An index of U.S. manufacturing grew at a slower pace in March than in February, with the inflation component showing a jump and employment contracting, according to a survey published on Monday.
The Institute for Supply Management said its index of national factory activity eased to 50.9 from 52.3 in February.
The median forecast of economists polled by Reuters was for slightly less of a slip, to 51.1. A reading above 50 indicates growth in the sector.
U.S. stocks slipped into negative territory after the weaker-than-expected data, while bond prices rose slightly.
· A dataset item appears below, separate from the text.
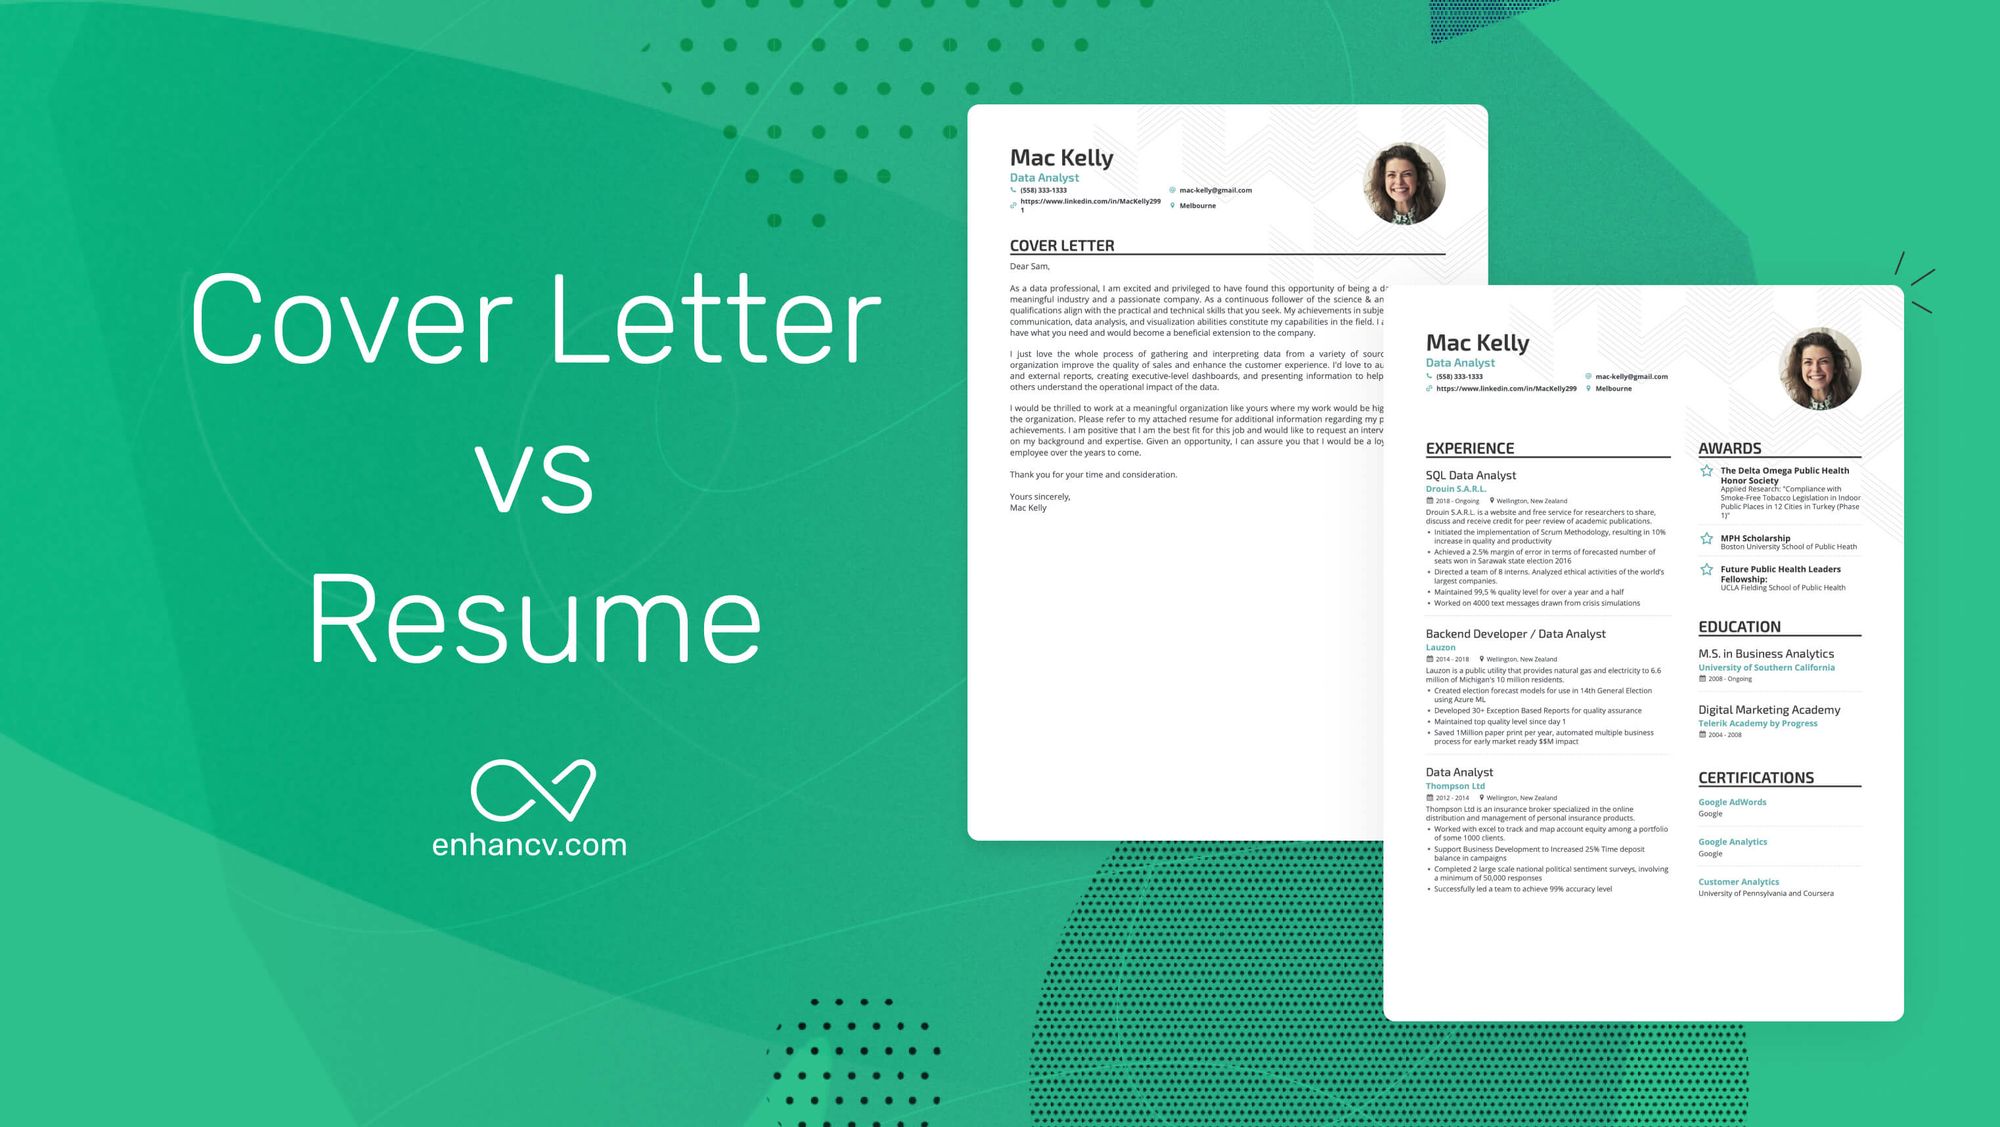 1. how does a cover letter complement your resume

"I have to characterize this as a very soft report as a whole, said Richard DeKaser, chief economist at National City Corp. in Cleveland, adding "the verdict here is not very good, but we still have modest expansion."
The prices paid index, which measures inflationary pressures in the manufacturing sector, climbed to 65.5 in March, its highest since August, from 59.0 in February.
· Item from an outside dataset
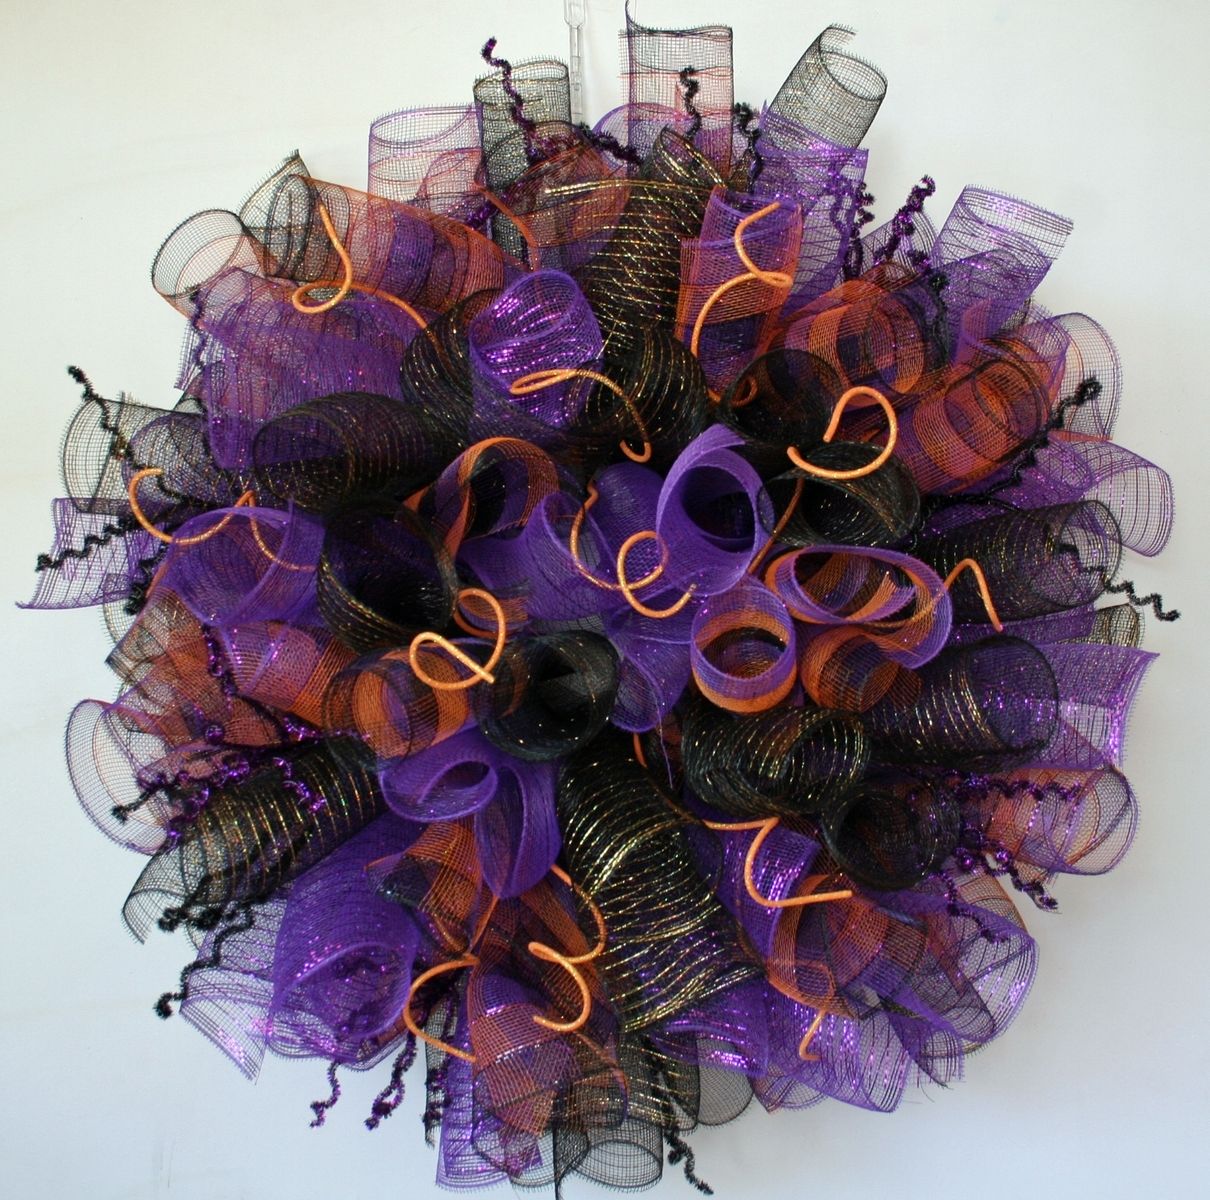 Hand Crafted Curled Mesh Halloween Wreath by DyJo Designs | CustomMade.com

New orders, a gauge of future growth, eased to 51.6 from 54.9, while the employment index fell to 48.7 from 51.1.
The dip below 50 in the employment component had some investors questioning whether Friday's reading on U.S. March non-farm payrolls will be all that strong.
"The employment (gauge) is not favorable for the payroll report later this week," DeKaser said.
Analysts think about 120,000 jobs were created last month, up from 97,000 in February.